*Information shown*:

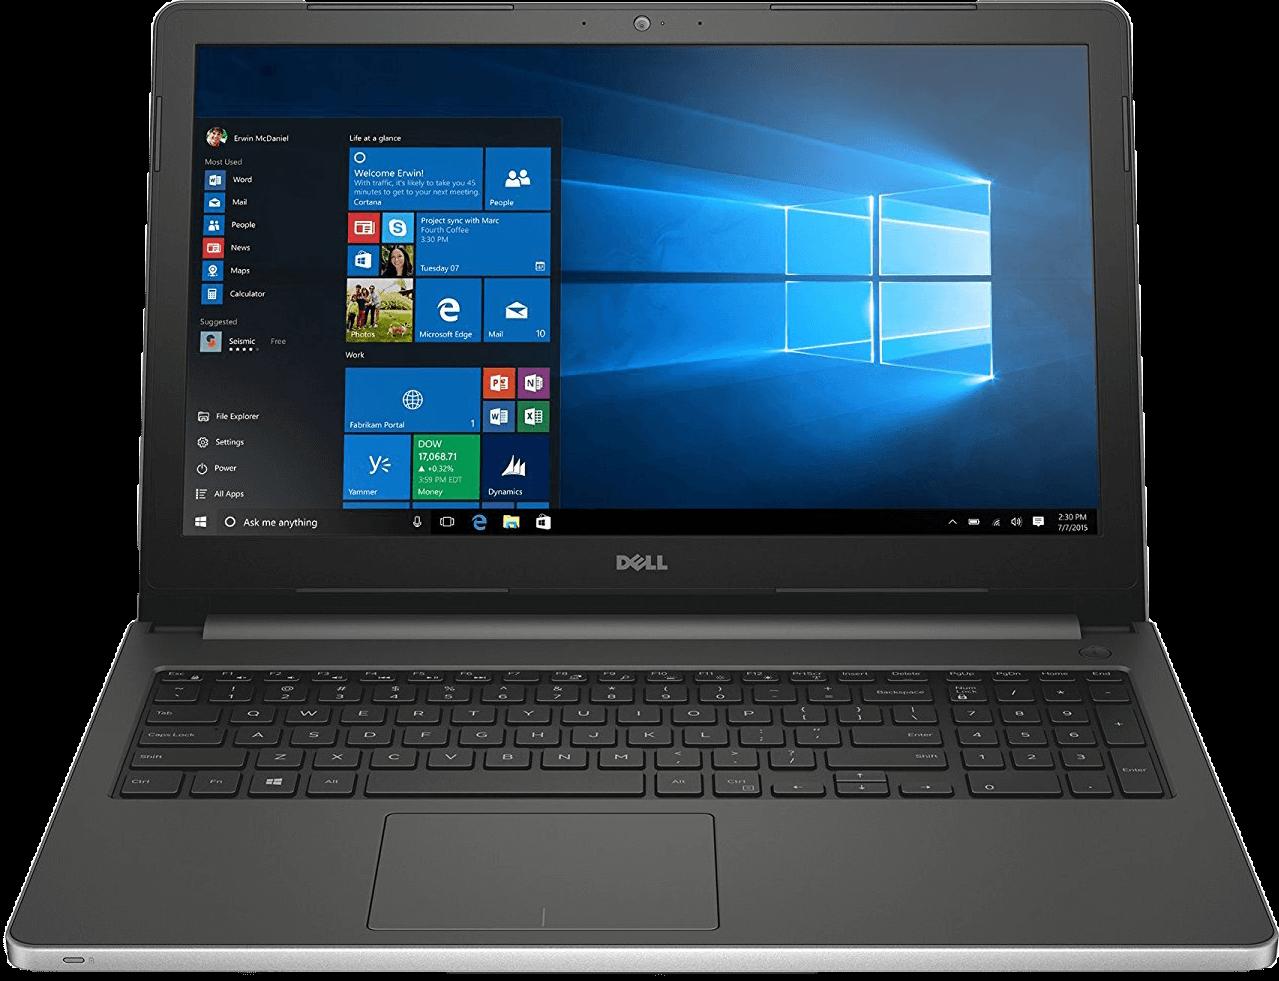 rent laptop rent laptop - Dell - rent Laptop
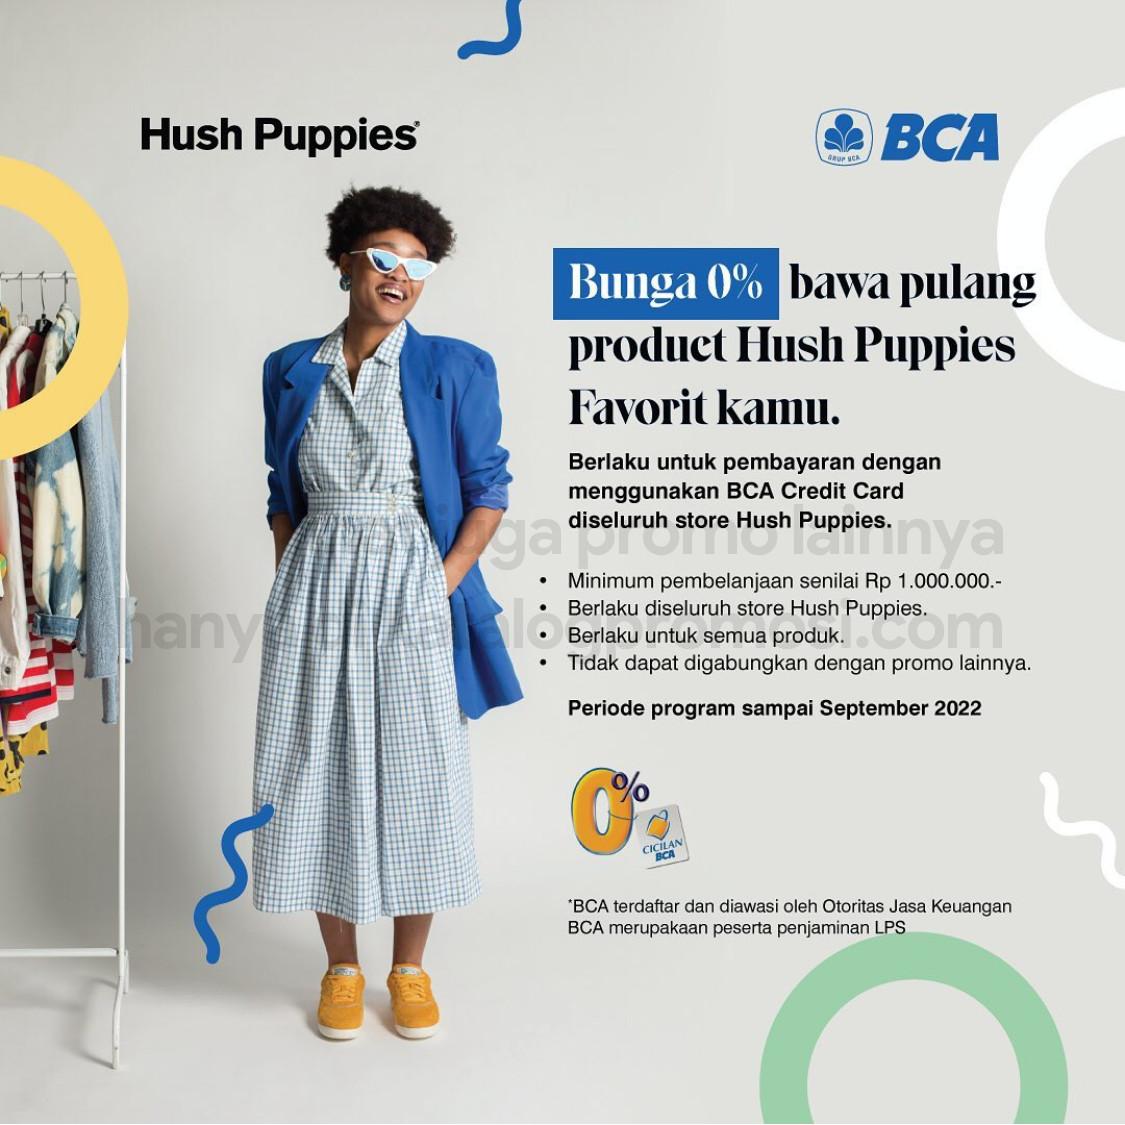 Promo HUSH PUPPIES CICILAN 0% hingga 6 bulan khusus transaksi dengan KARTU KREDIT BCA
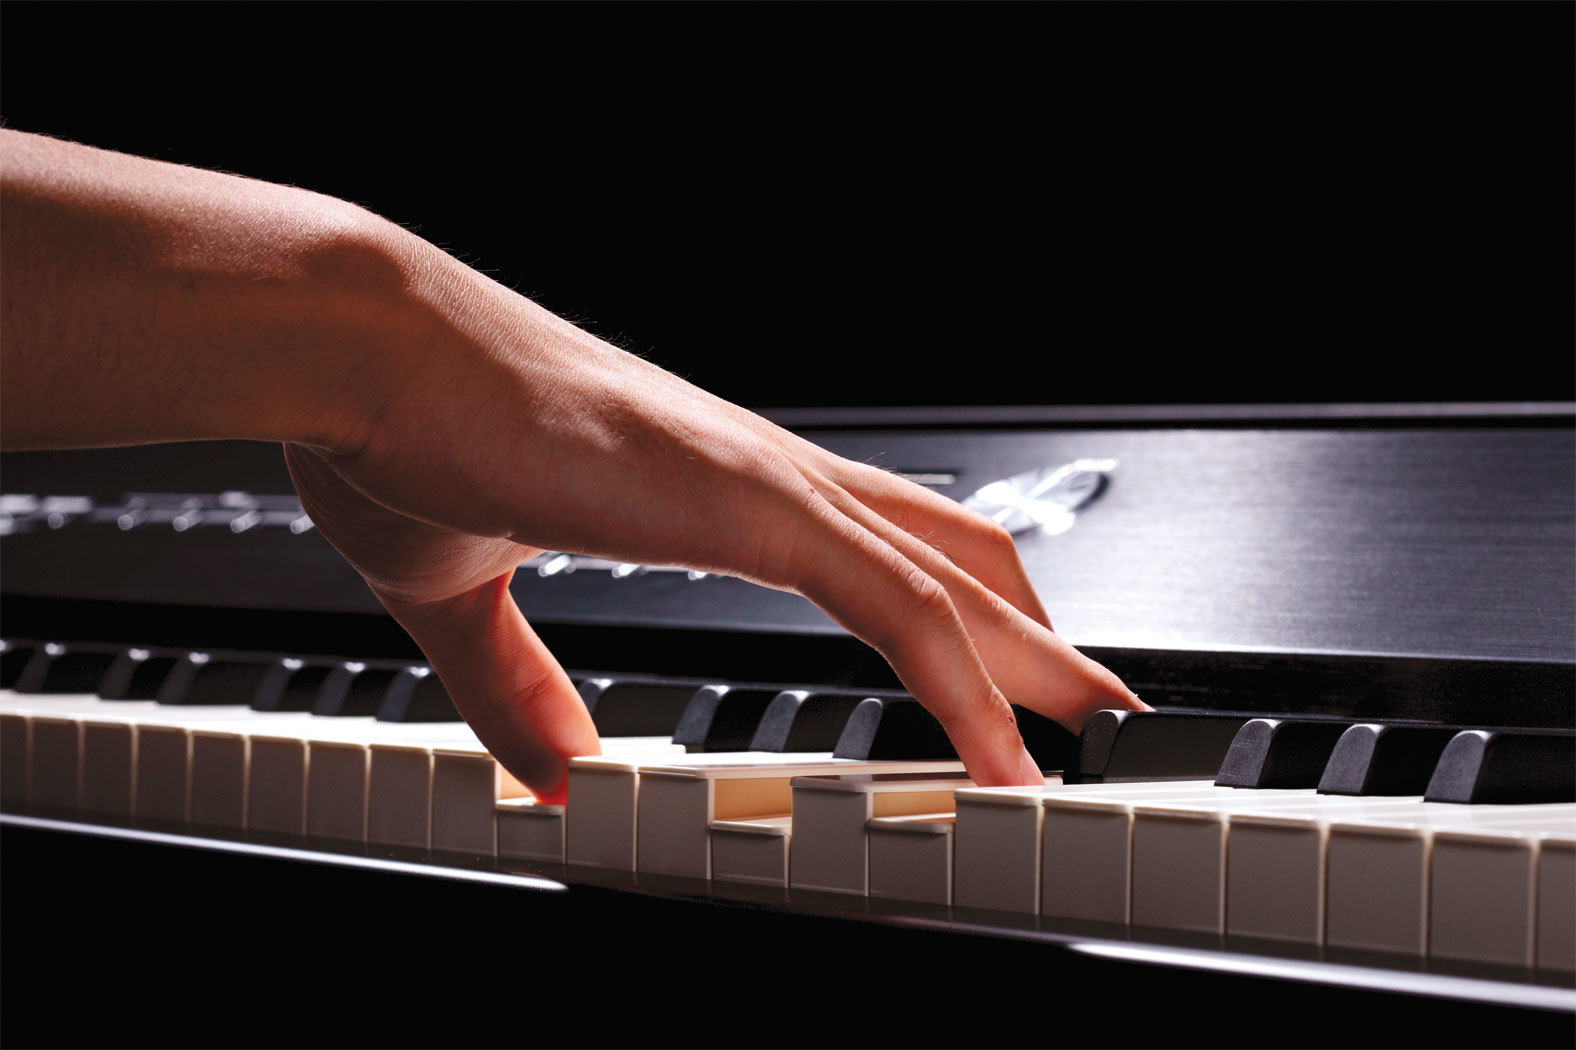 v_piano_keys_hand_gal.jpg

*Problem description*: Give back the full listing word for word, with the pictures left out.

*Exercise result*:
 rent laptop rent laptop - Dell - rent Laptop
 Promo HUSH PUPPIES CICILAN 0% hingga 6 bulan khusus transaksi dengan KARTU KREDIT BCA
 v_piano_keys_hand_gal.jpg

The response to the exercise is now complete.